Material provided:
————————
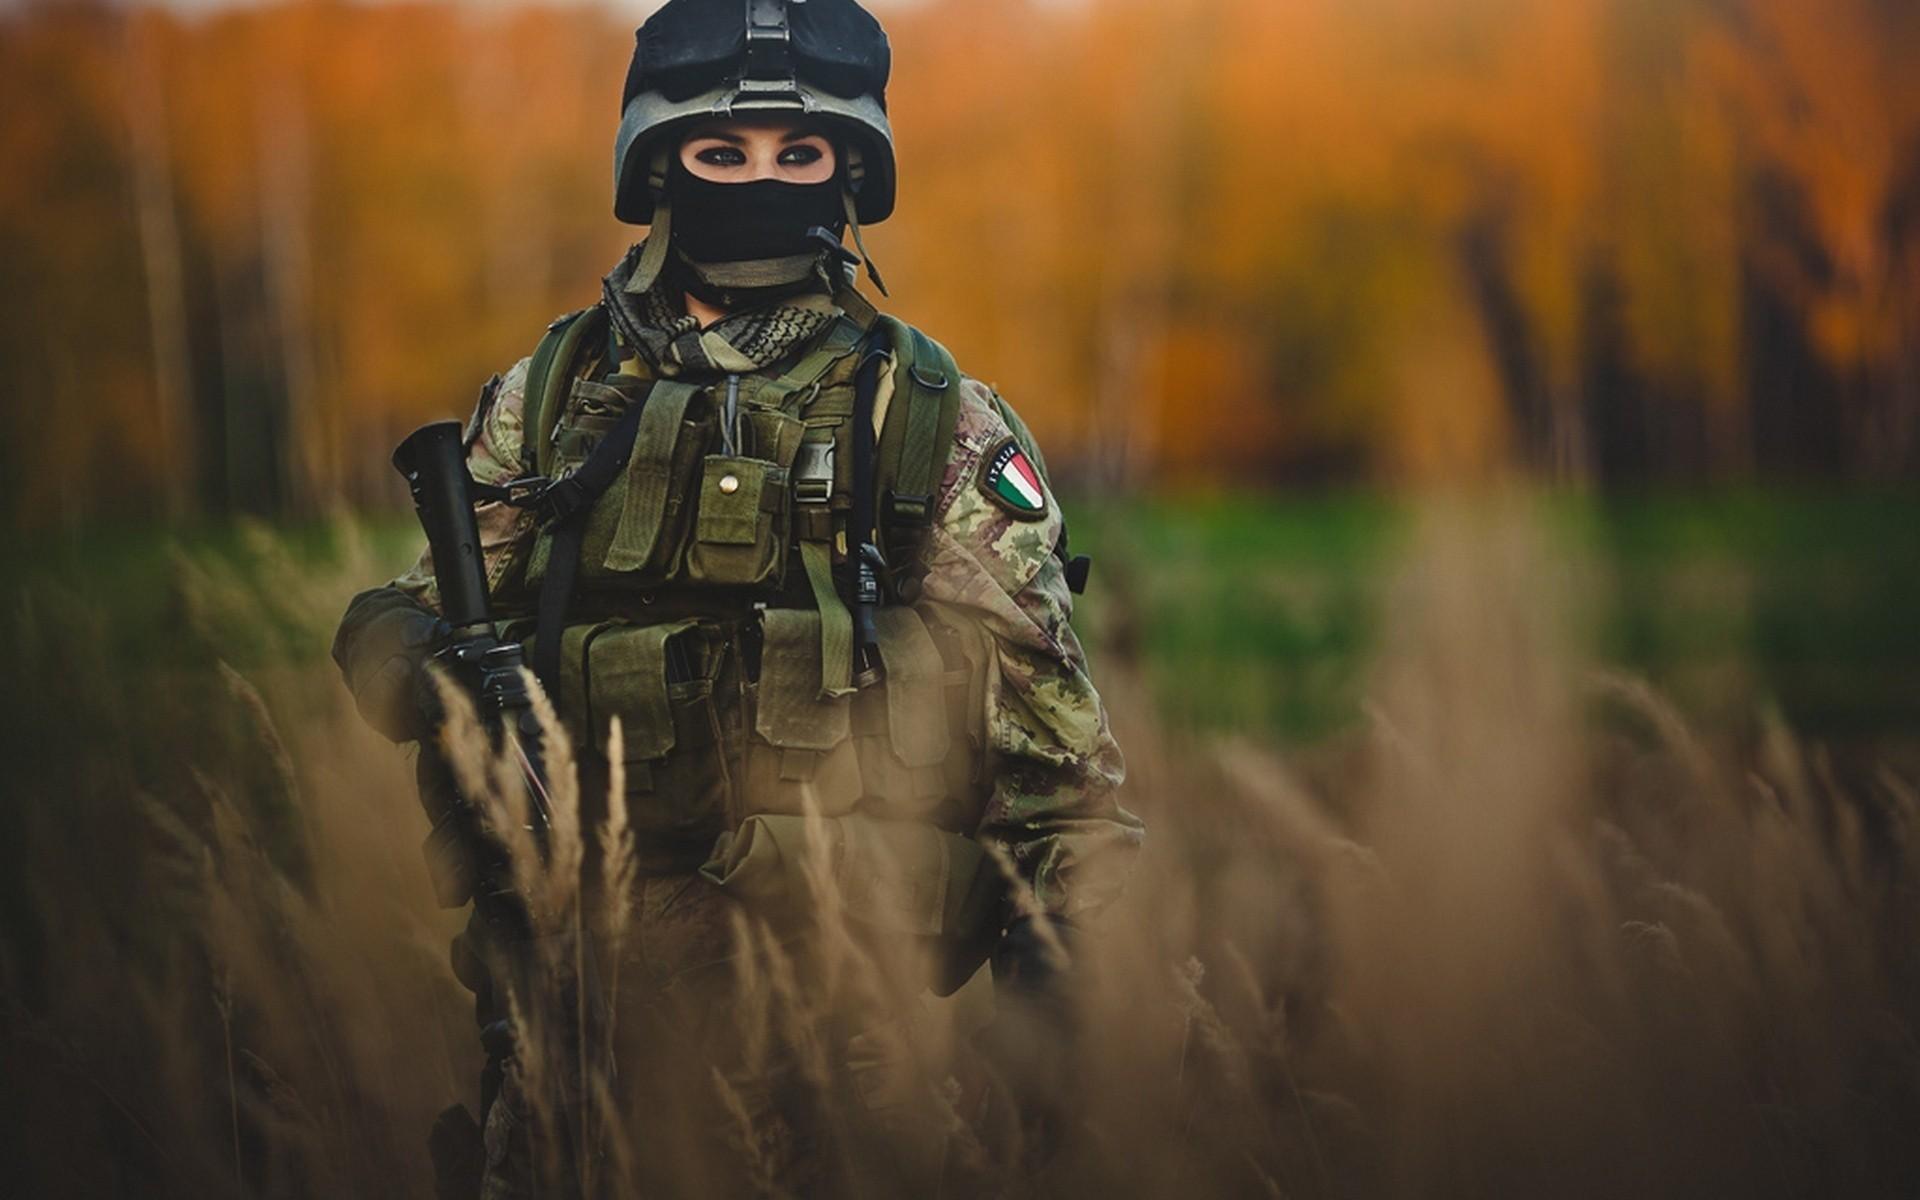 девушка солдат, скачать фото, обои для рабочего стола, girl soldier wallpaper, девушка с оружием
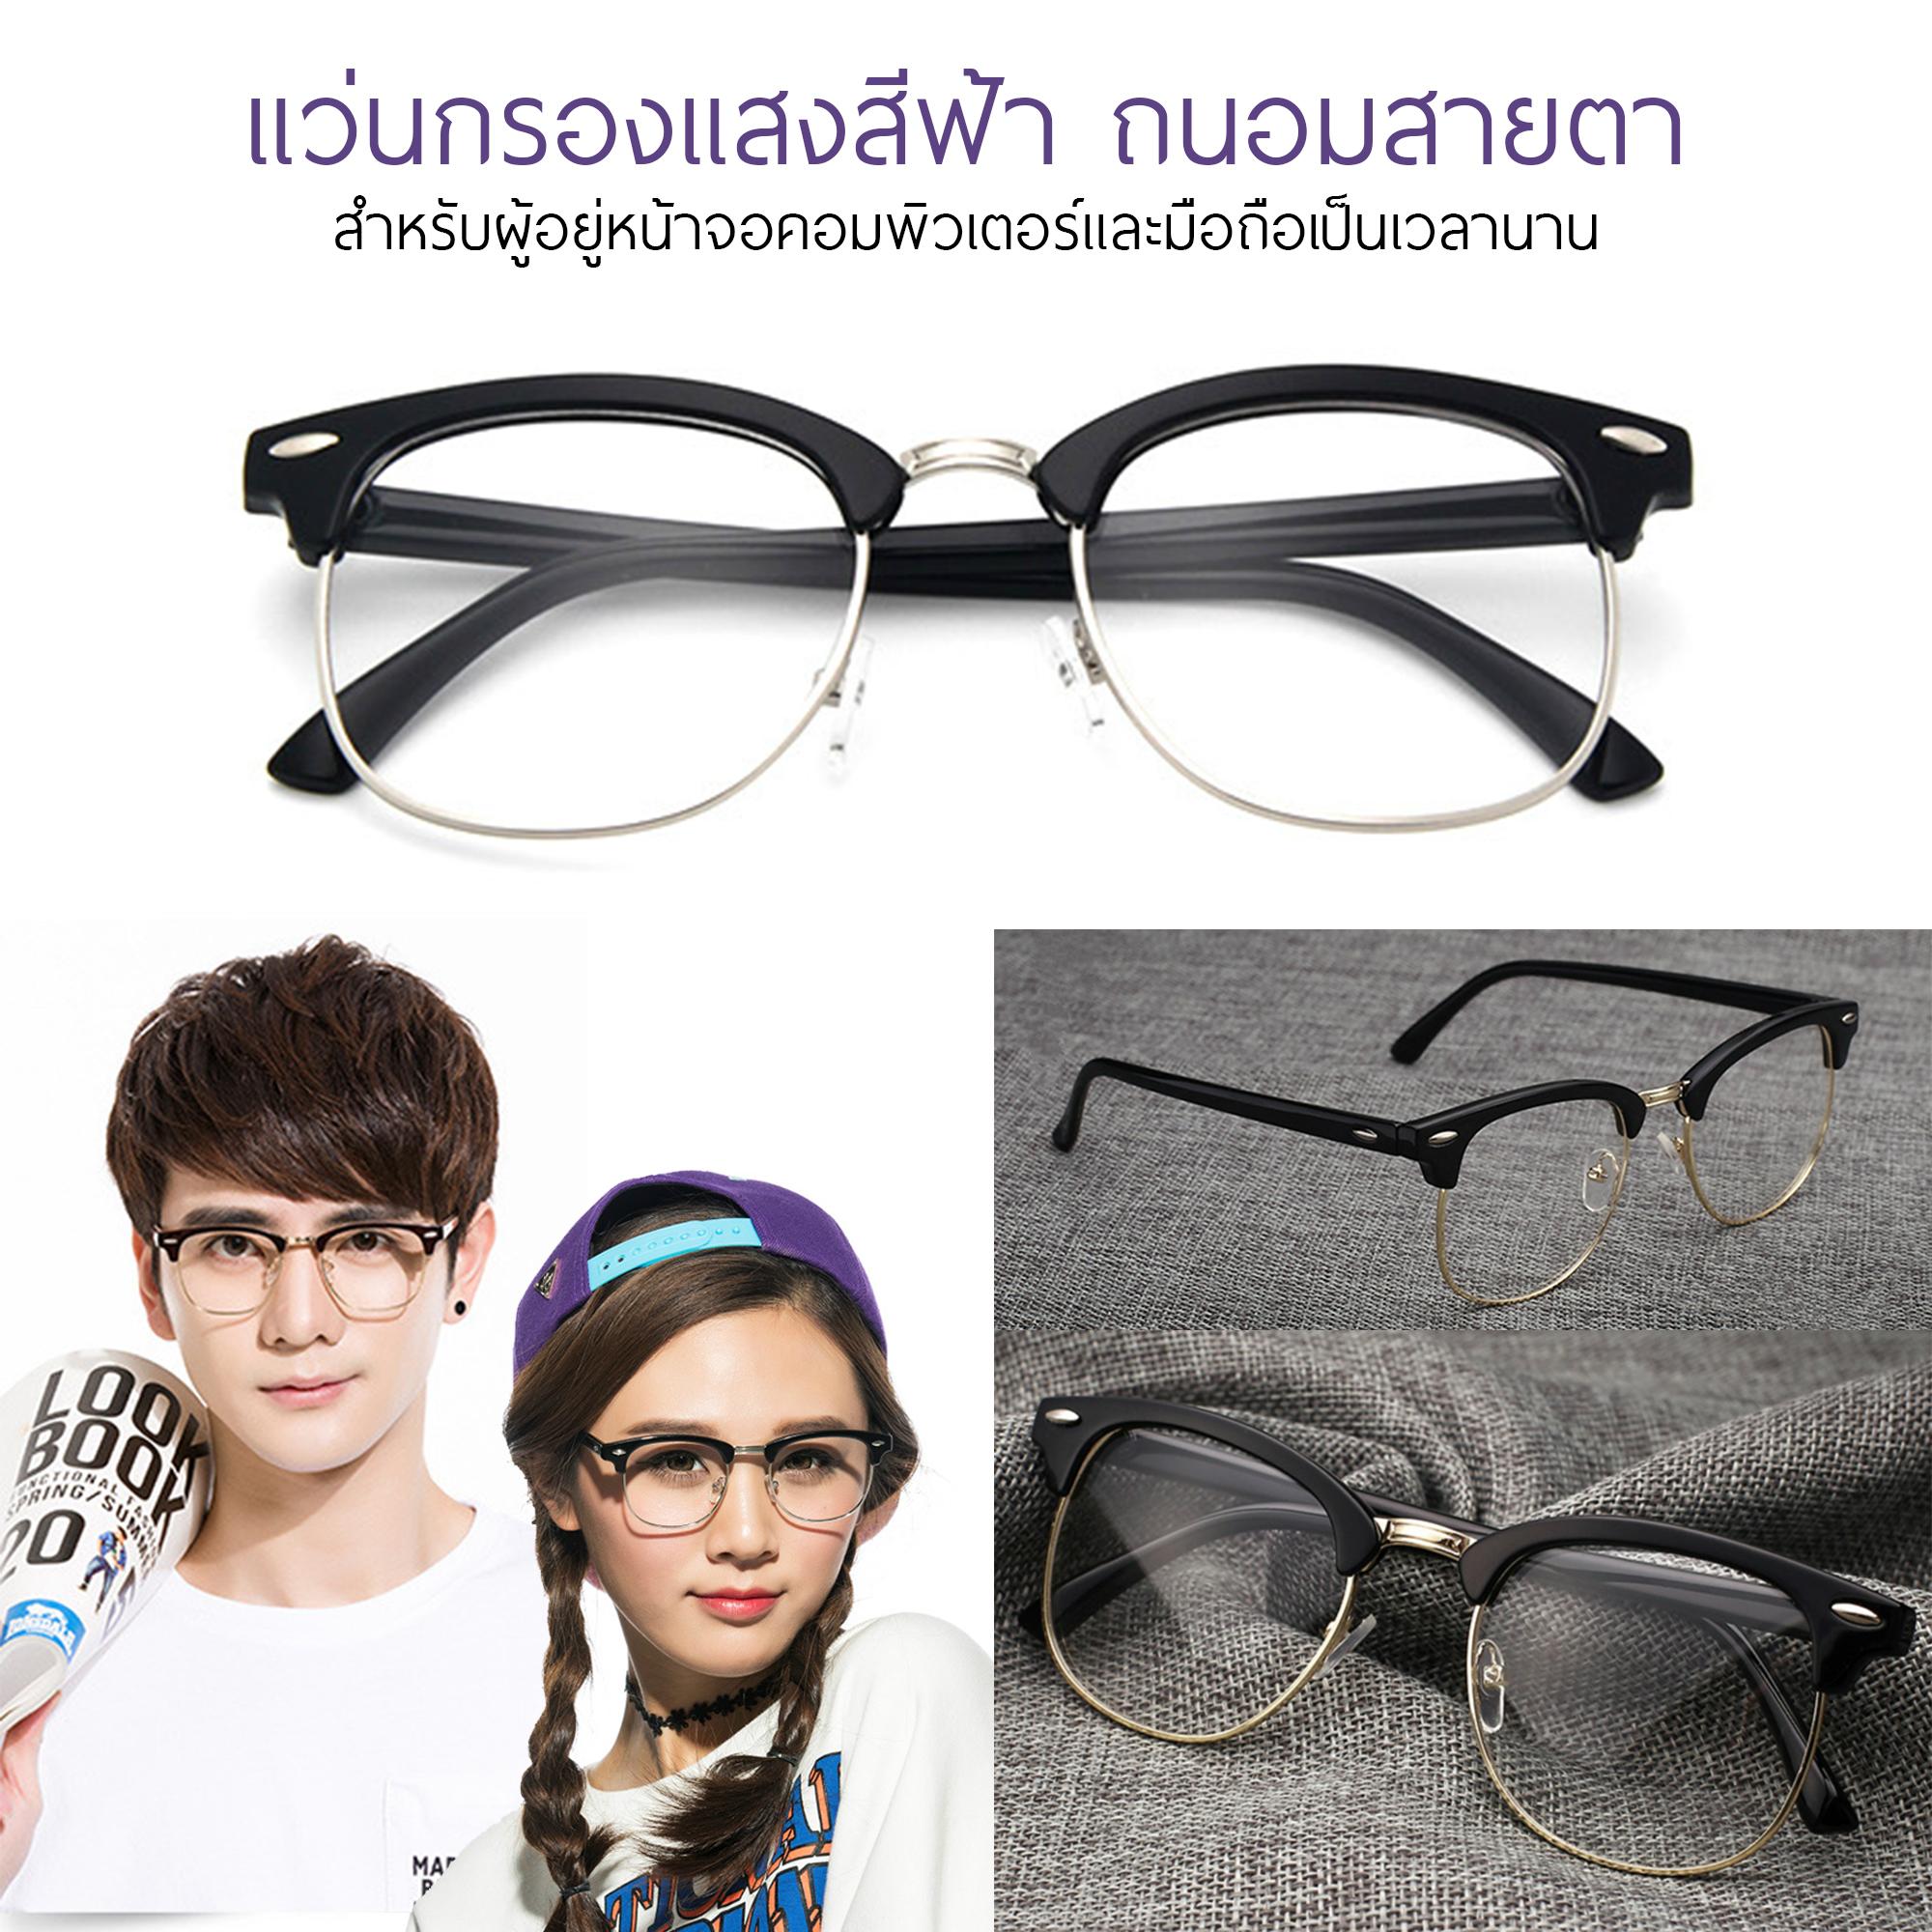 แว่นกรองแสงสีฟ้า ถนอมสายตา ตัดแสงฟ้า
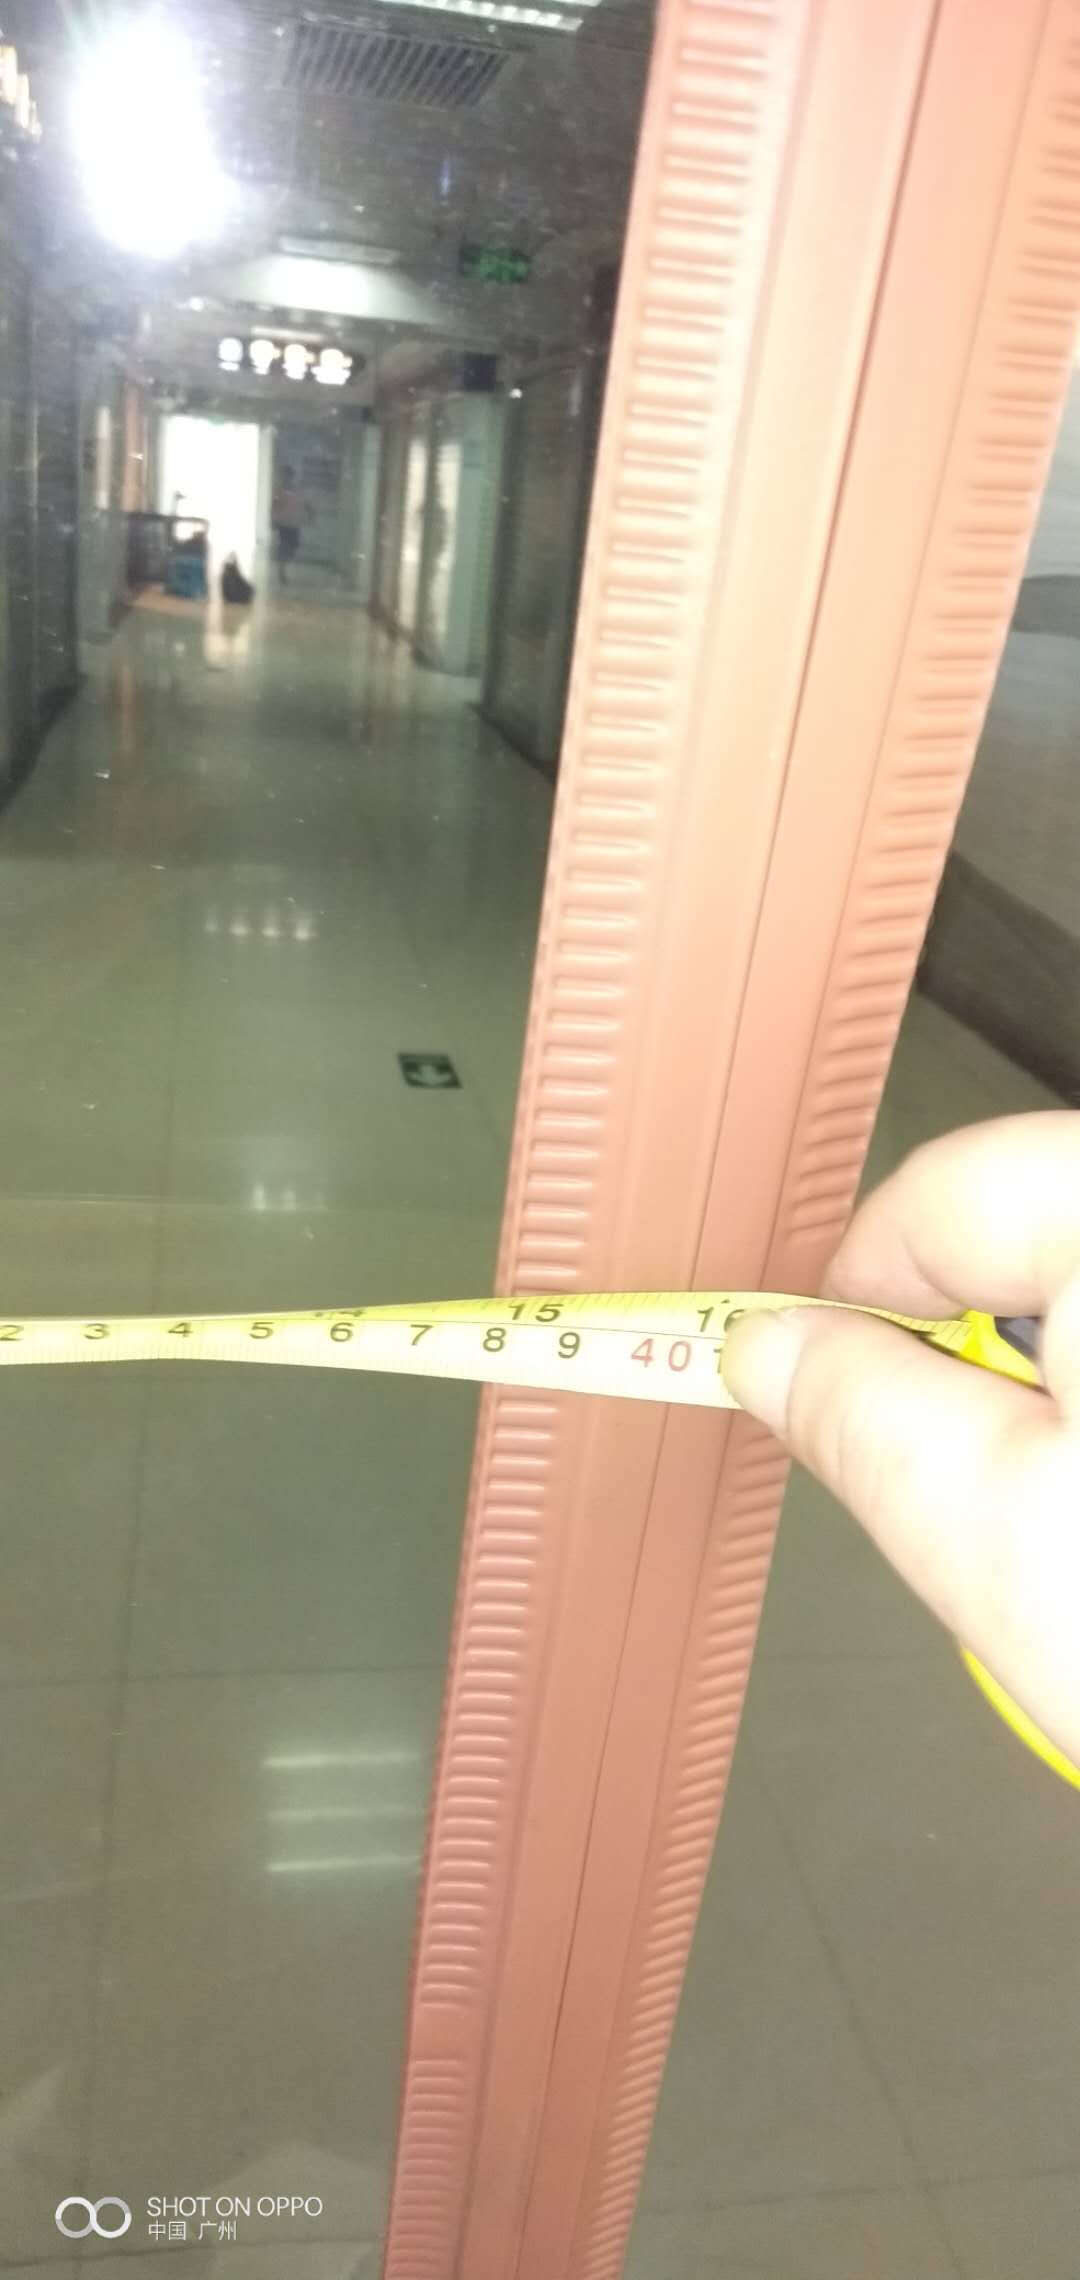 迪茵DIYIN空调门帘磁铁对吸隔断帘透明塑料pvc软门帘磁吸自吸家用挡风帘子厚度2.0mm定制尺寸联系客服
————————
Task statement: Starting at the line that holds "แว่นกรองแสงสีฟ้า ถนอมสายตา ตัดแสงฟ้า", retype every line through the end of the data, both ends included. Pictures stay out of the copy.

Output below:
 แว่นกรองแสงสีฟ้า ถนอมสายตา ตัดแสงฟ้า
 迪茵DIYIN空调门帘磁铁对吸隔断帘透明塑料pvc软门帘磁吸自吸家用挡风帘子厚度2.0mm定制尺寸联系客服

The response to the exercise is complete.